# How long do compact fluorescent bulbs last?



## Lord Nibbler (Dec 22, 2005)

I have a 55 gallon with 4x65 watt CFLs and a 37 with a 2x65. Half 10k, half actinic (on a longer timer). Usually I have great plant growth and am tossing out tons of clippings. But as of the last couple of months, I'm getting more and more green dust and green spot algae, and poorer plant growth. I can't figure out whats going on different chemically, but I got the lamps at the end of November last year. The bulbs on the 55 are a bit dimmer to the eye even.

Could this be a reasonable cause? I was hoping to get more life out of the bulbs


----------



## trenac (Jul 16, 2004)

I change my bulbs out each year. Some say they will last longer. But I can tell a big difference in the brightness after this length of time. The bulbs also yellow & get darker towards the ends after this period. If you see a difference in brightness I would say they are ready to replace.

I'm not sure if your older bulbs are contributing to the algea you see or not. But when you start getting GSA that is a sign of low P04. Dust algae in my experience is caused by too much N03.


----------



## davemonkey (Mar 29, 2008)

I also have CFL's and even on the package it said they should be replaced yearly because the bulbs would lose their spectral quality, even if you can't see it (but in this case you can). Also, you may consider dual daylight bulbs or just one Kelvin or another. The actinic light is considered unuseful for plants. On the other hand, that would give a LOT more 'useable' light than what you have had, and you might have to reduce the photoperiod or something.

-Dave


----------



## Lord Nibbler (Dec 22, 2005)

Hmm, could be the PO4 I guess. My water in Cleveland had a lot of it, but here in Cincinnati it is lacking, I'm not in the habit of adding it too often.

The nitrates are under control though, no higher than they ever were before the algae problem.

I tend to get algae problems if I leave the daylight lamp on longer or the blinds of the picture window wide open. I leave the actinic blue on a lot later into the light because I like it as a display color. I could change them to 50/50 bulbs I guess.

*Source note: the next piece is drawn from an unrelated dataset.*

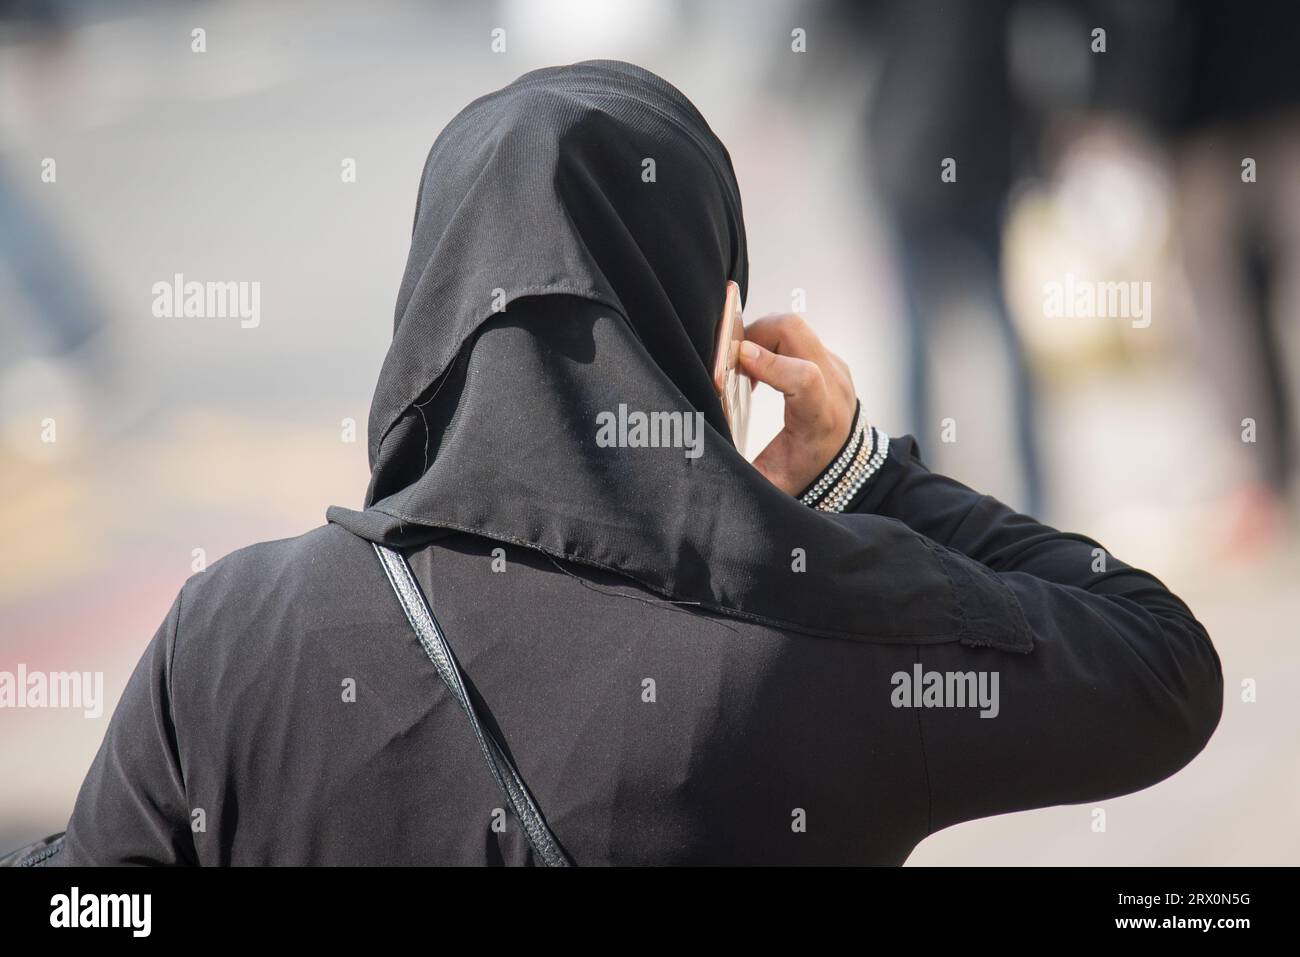 Aktenfoto vom 27/03/17 einer muslimischen Frau in London, da die Regierung eine stärkere Haltung einnehmen muss, um die Auferlegung von Kleiderordnungen für muslimische Frauen zu verhindern, sagte ein Think Tank. Stockfoto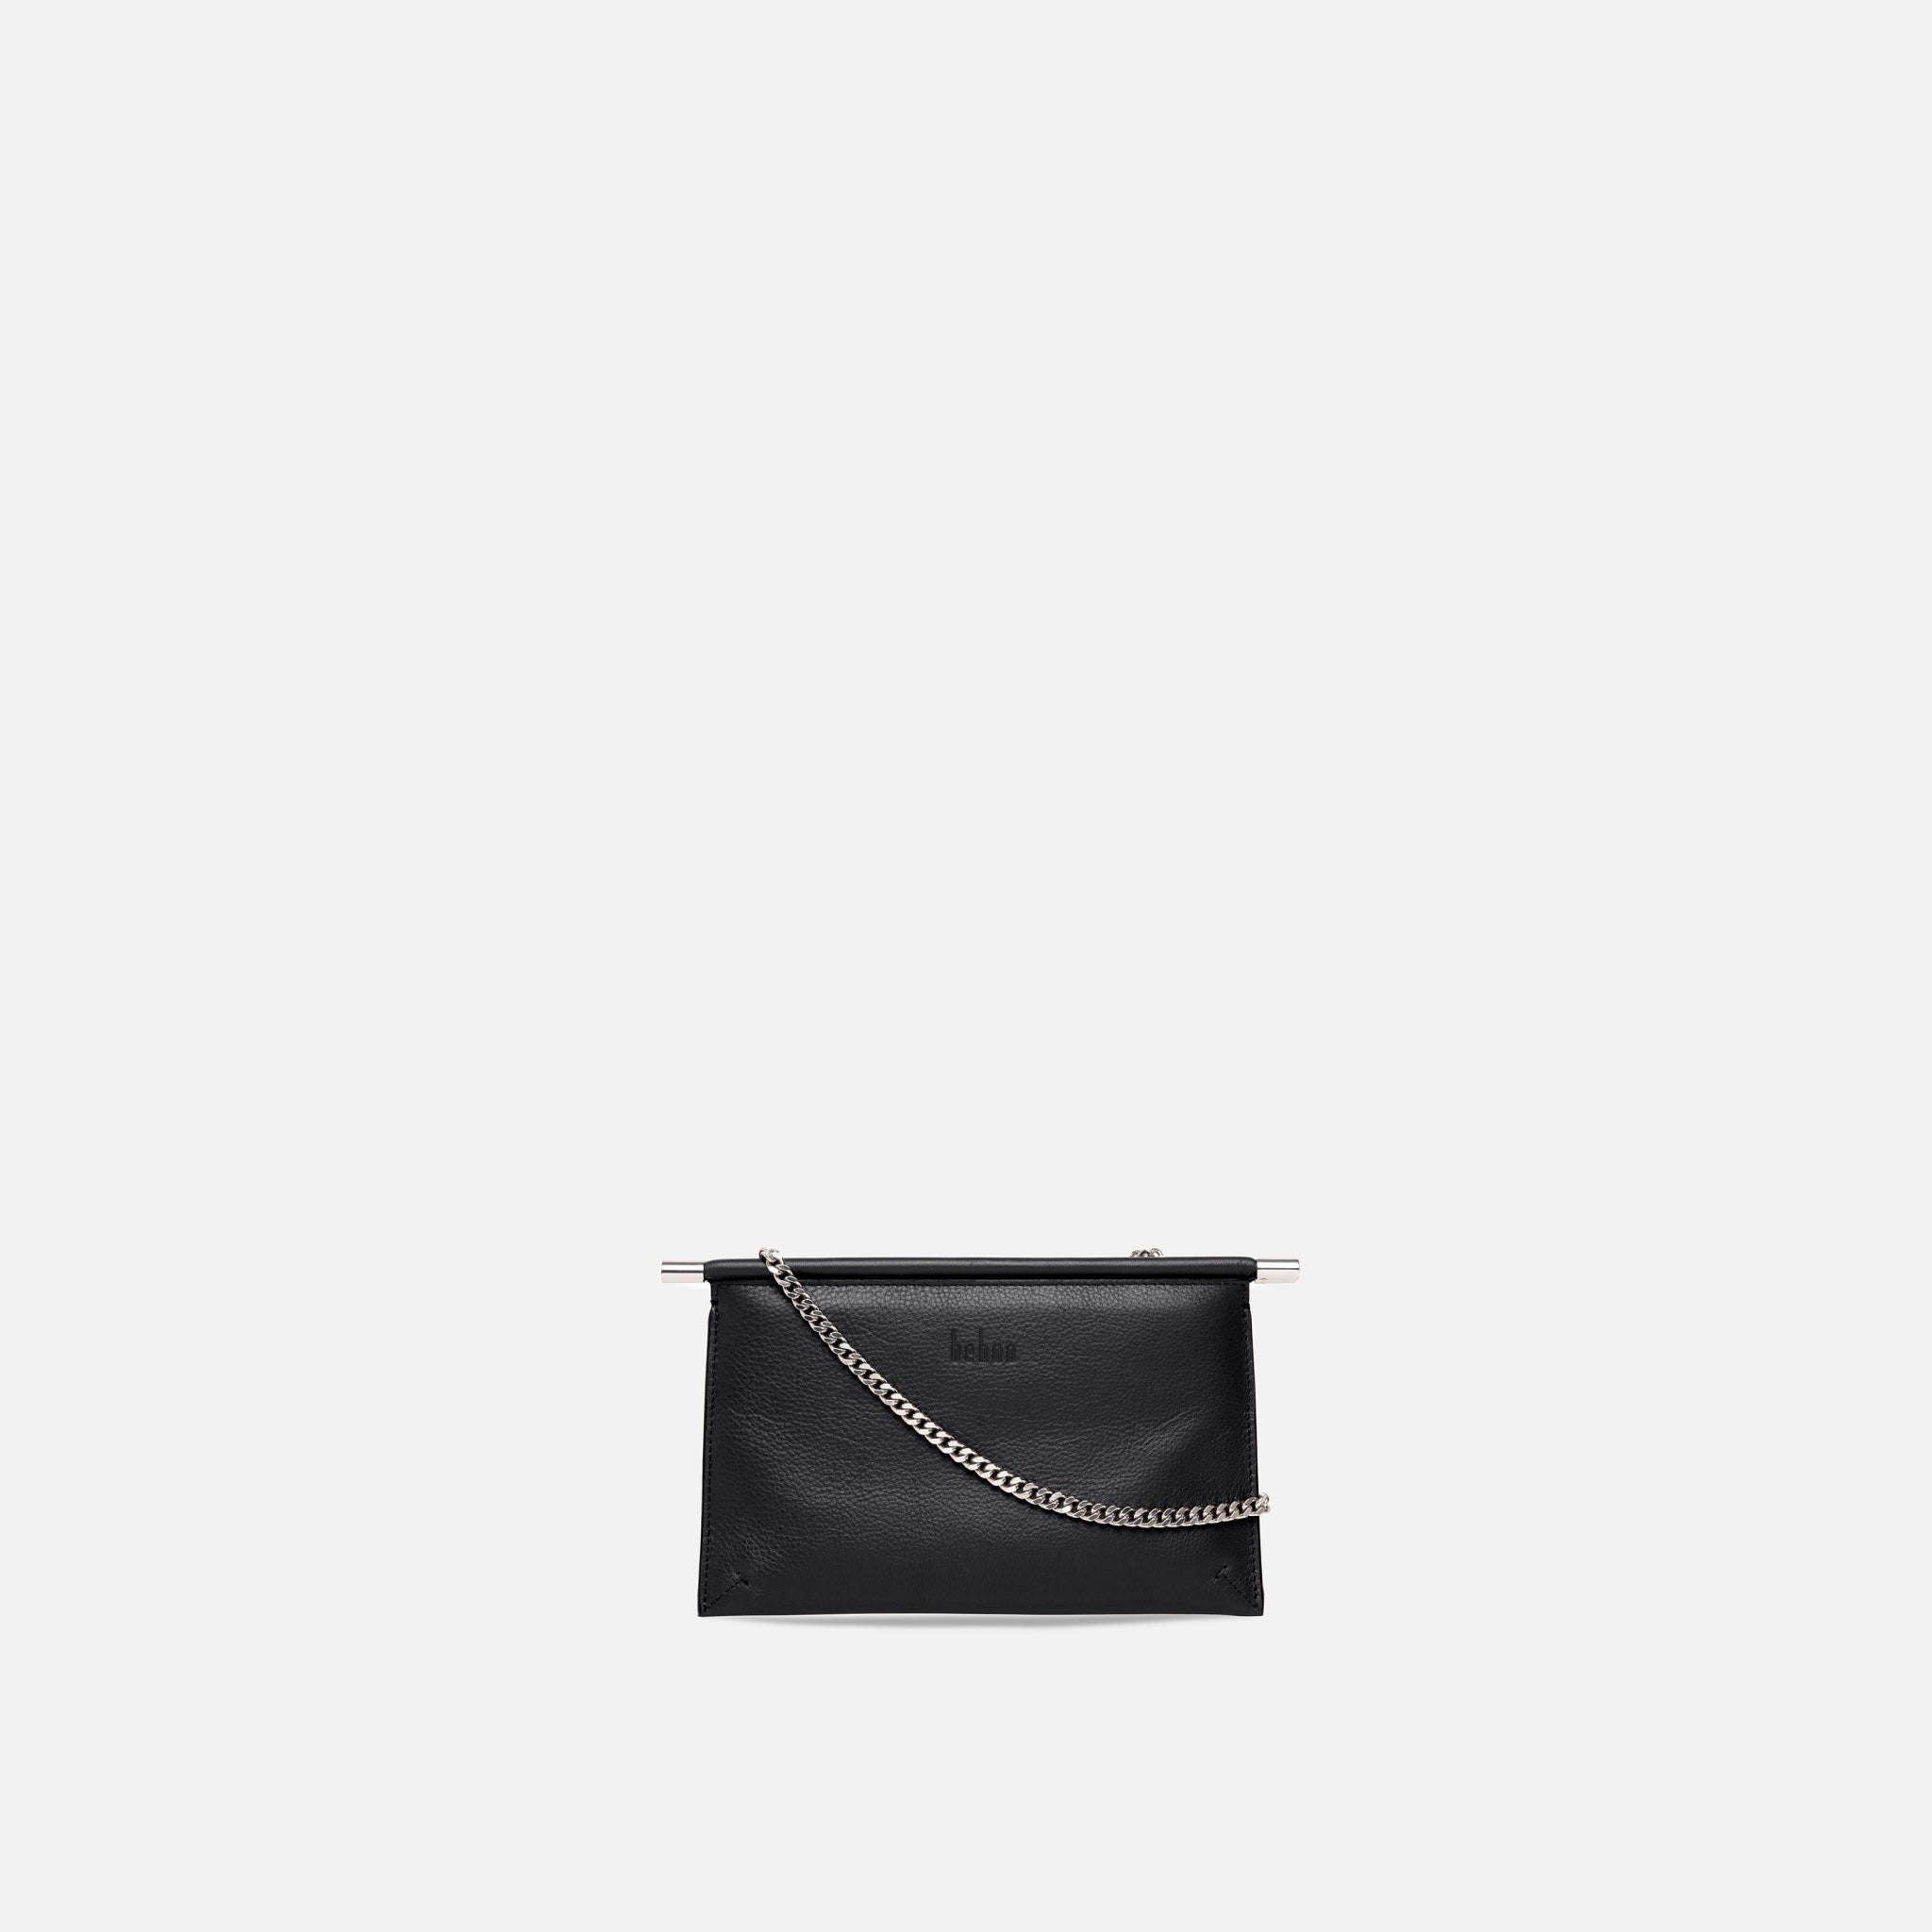 Grey Luxury leather Handbag Freda

I usually get my supplies through Big Al's (I usually can't find Flourish Excel or the appropriate lamps in LFSs). Is there one brand of lamp or another that you prefer? I see Coralife and Current USA as the main choices.


----------



## davemonkey (Mar 29, 2008)

Newt put a link in this thread to some other bulb choices:
http://www.aquaticplantcentral.com/forumapc/lighting/54317-coralife-fixture-question.html

GE also makes the 9325. I'm not sure if these are straight-pin or square-pin bulbs. If the bulbs are straight and you fixture is square, there are adapters you can buy (look on ebay). It just depends on what you want.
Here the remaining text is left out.